The Internet and future of mobile sports consumption

Source: fotorambler
Source: fotorambler

You want to watch the World Cup final but do not have a log-in for the WatchESPN app. You download the 120 Sports app to find it is showing highlights of the game, but with buffering and a reduced quality. Currently, it is legal for your Internet service provider (ISP) to favor some web traffic over others. In our hypothetical example, if 120 Sports wanted to compete with ESPN, it would have to pay the ISP for higher speeds. Competitive pricing would disappear if the Internet is reclassified from an information service to a telecommunication service. However, it would open the Internet to heavy taxation. The expiration of Internet Tax Moratorium later this year means both companies and users will have to pay more to use the Internet. If the FCC does not pass its net neutrality regulation, this may be just one of many ways that growth in sports viewing may be stifled by a projected 17 percent increase in broadband costs.

UNESCO and Stanford Professor Paul Kim predicts that global mobile Internet users will overtake computers in the near future. We are beginning to see this with events such as the World Cup, where 1.7 million viewers watched the second half of U.S. versus Germany and over 3.5 million unique viewers watched the U.S. take on Belgium online. There is a tremendous market for mobile sports viewership that remains somewhat untapped. Earlier in the month, ABC, ESPN, and ESPN 2 combined to reach more than 99 million people with World Cup coverage. Univision reported that it reached 70.9 million people. Not maintaining net neutrality could have a devastating effect on the growing mobile market, as Forbes predicts:

“The increase in costs, when passed through to consumers in the form of higher prices, will lead to a decrease in the otherwise growing base of nationwide broadband subscribers by as much as 65 million by 2020.”

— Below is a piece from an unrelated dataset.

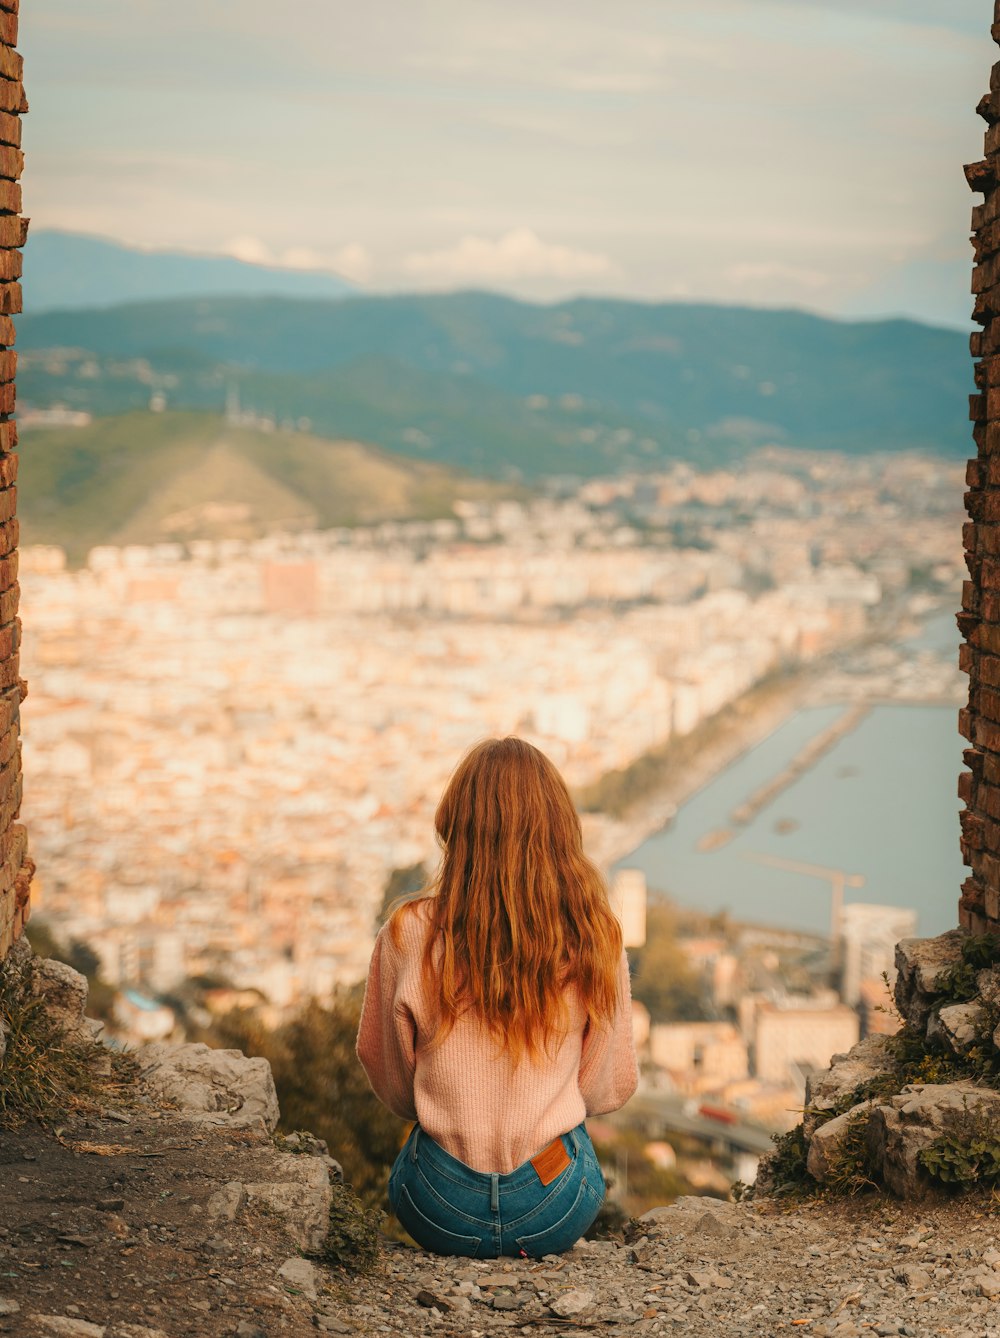 a woman sitting on a ledge looking out over a city

Mobile sports businesses may need to prepare for an Internet where ISPs can restrict apps, content and services. For example, AT&T Wireless, Verizon Wireless and T-Mobile all stopped Google Wallet, a mobile payment app that was looking to tap into a new $56.7 billion market, from reaching its customers. These ISPs prevented 75 percent of U.S. mobile users from accessing this technology and effectively stifled the market. If Google — a company so powerful that Internet traffic dipped by 40 percent when there was a five-minute power outage — cannot convince ISPs, then what weight do mobile sports businesses’ carry in a disagreement?

Source: Android Central

There is some good news if net neutrality legislation does not pass. According to David M. Spencer, founder of Talent Resources’ Sports, endorsement deals and sponsorship deals for players and teams should not be affected. However, mobile sports businesses should look at what has happened to the digital music business, where organizations and start-ups have to pay huge up-front licensing fees to rights holders before they can get their services to users.

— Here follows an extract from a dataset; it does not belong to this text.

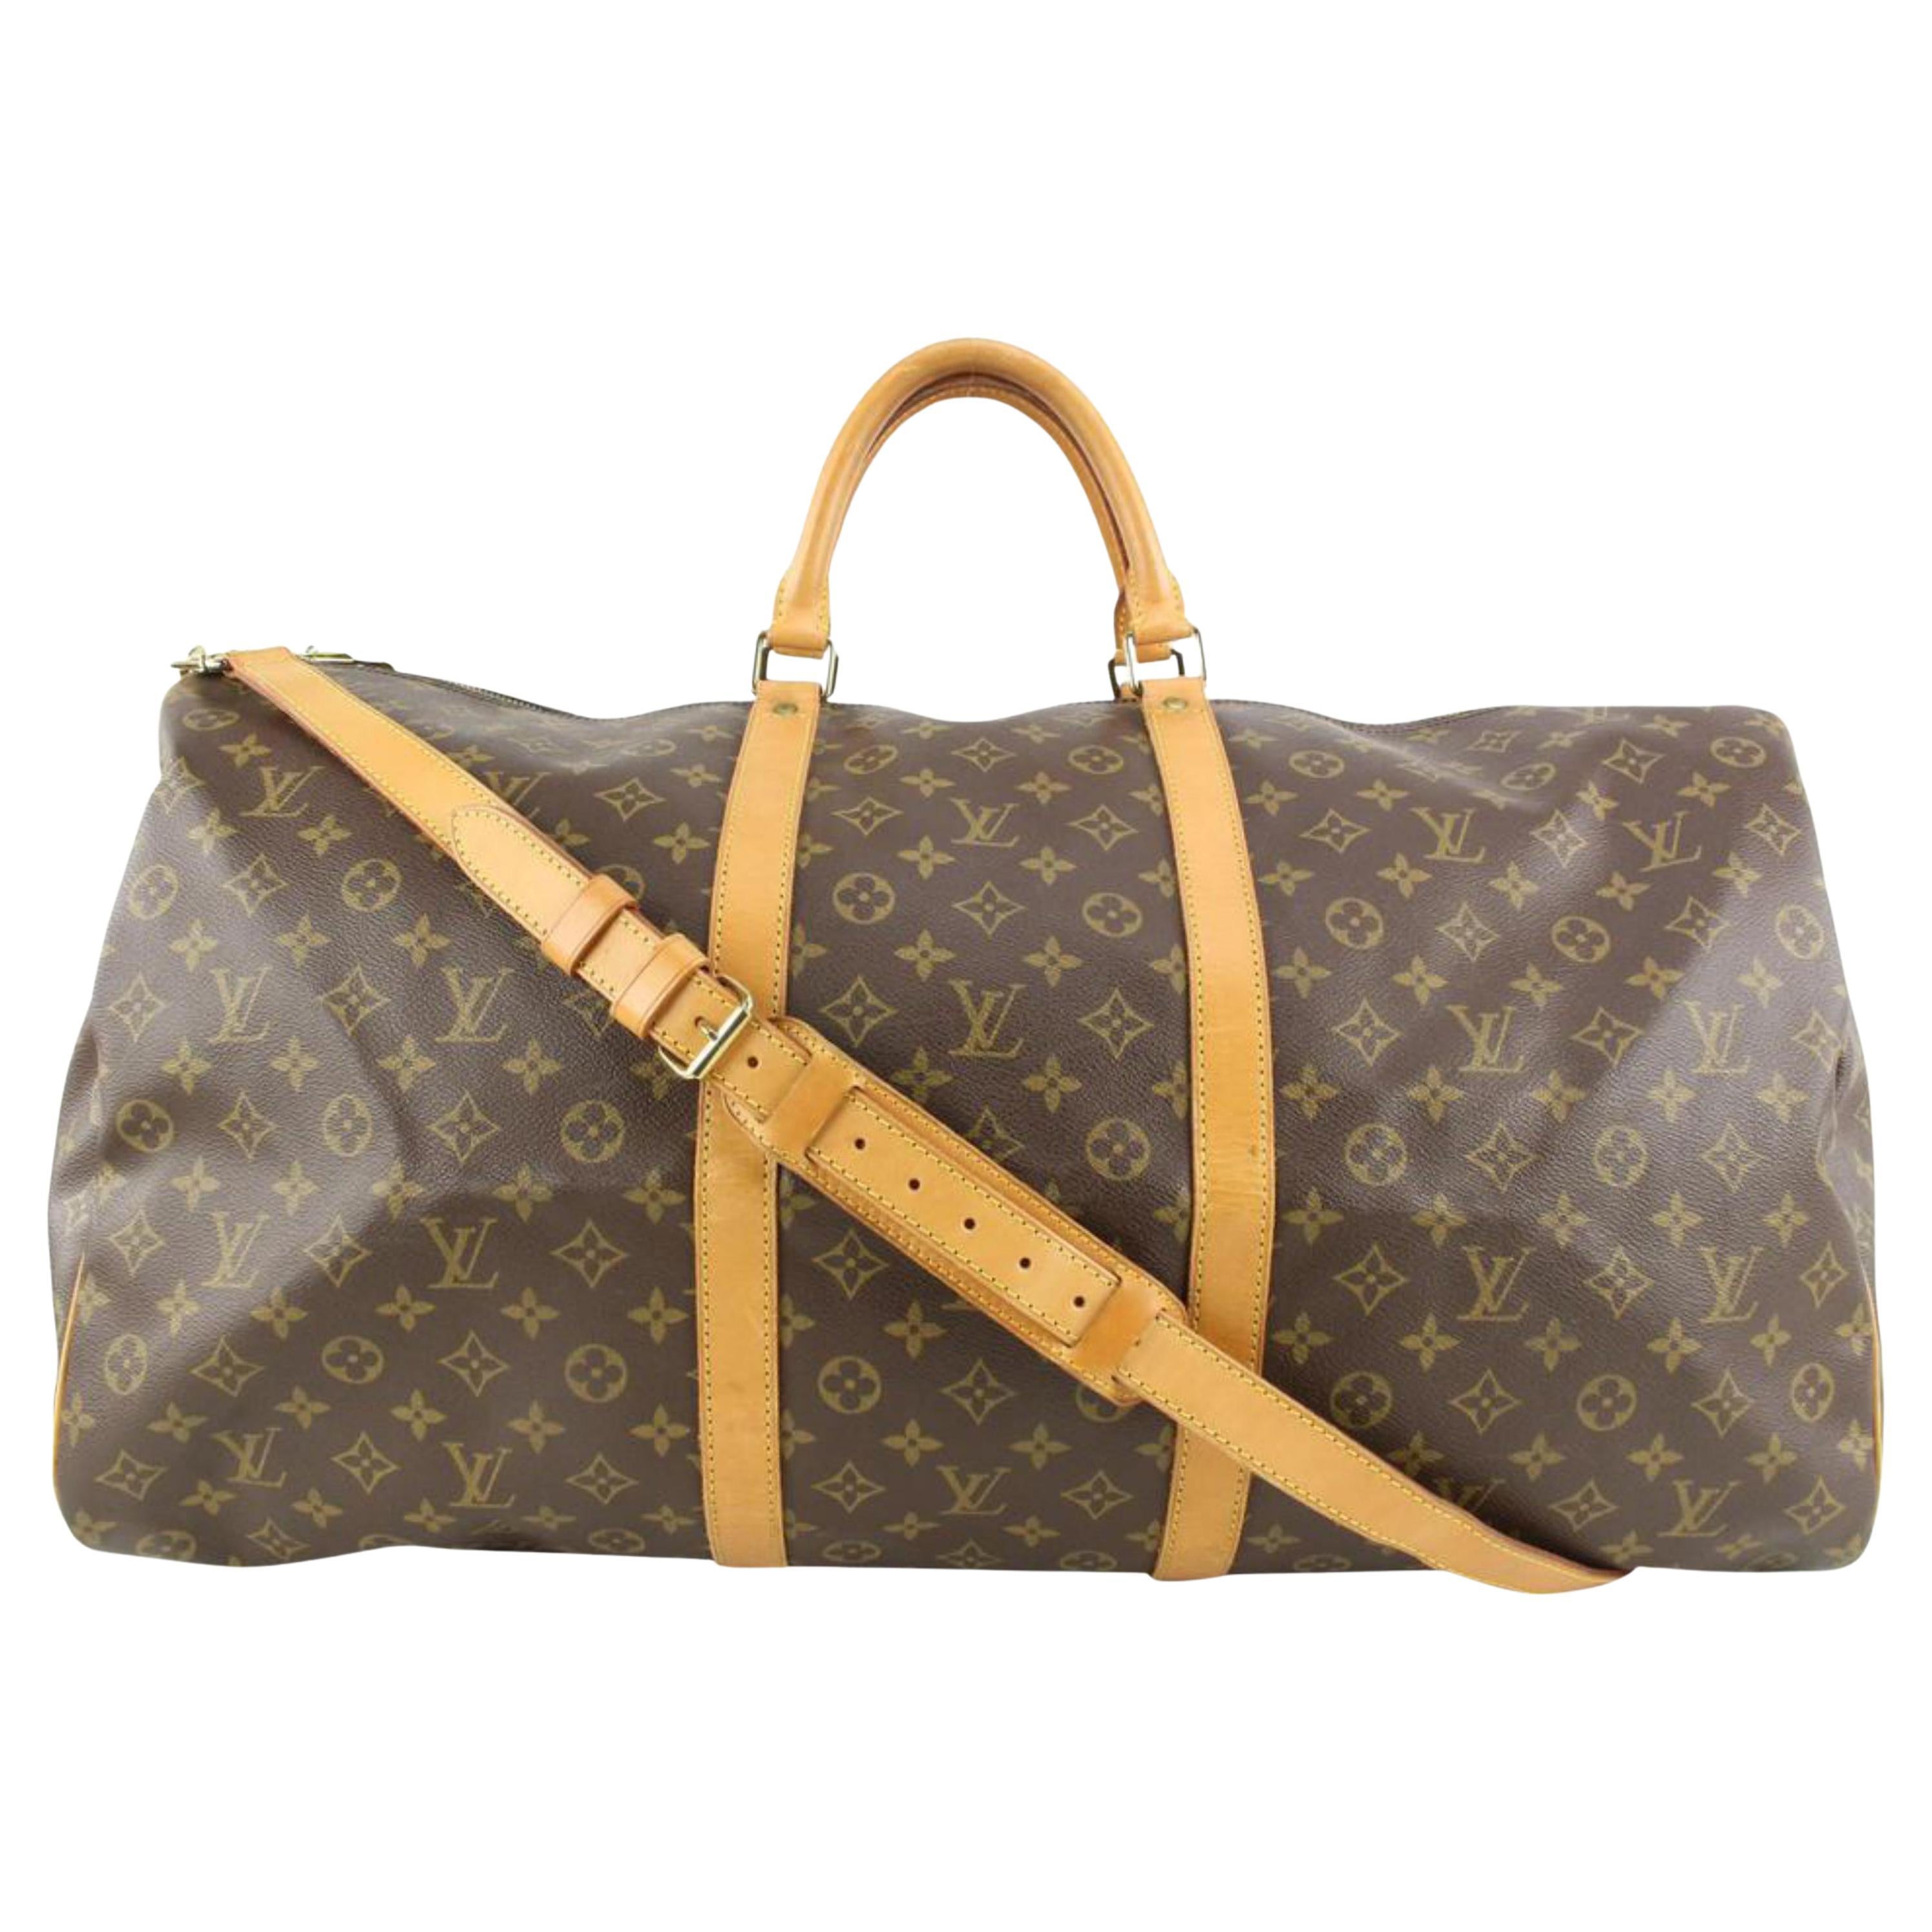 Louis Vuitton Large Monogram Keepall Bandouliere 60 Duffle with Strap 110lv55 For Sale

Athletes and teams will struggle to cover these costs without passing them to consumers. LeBron’s app would not have been successful without Samsung, but other athletes do not have brand recognition or capital to repeat his efforts. Even though business will not immediately suffer, they will be at the mercy of ISPs, as well as possibly derail the massive expansion and potential of the mobile sports market.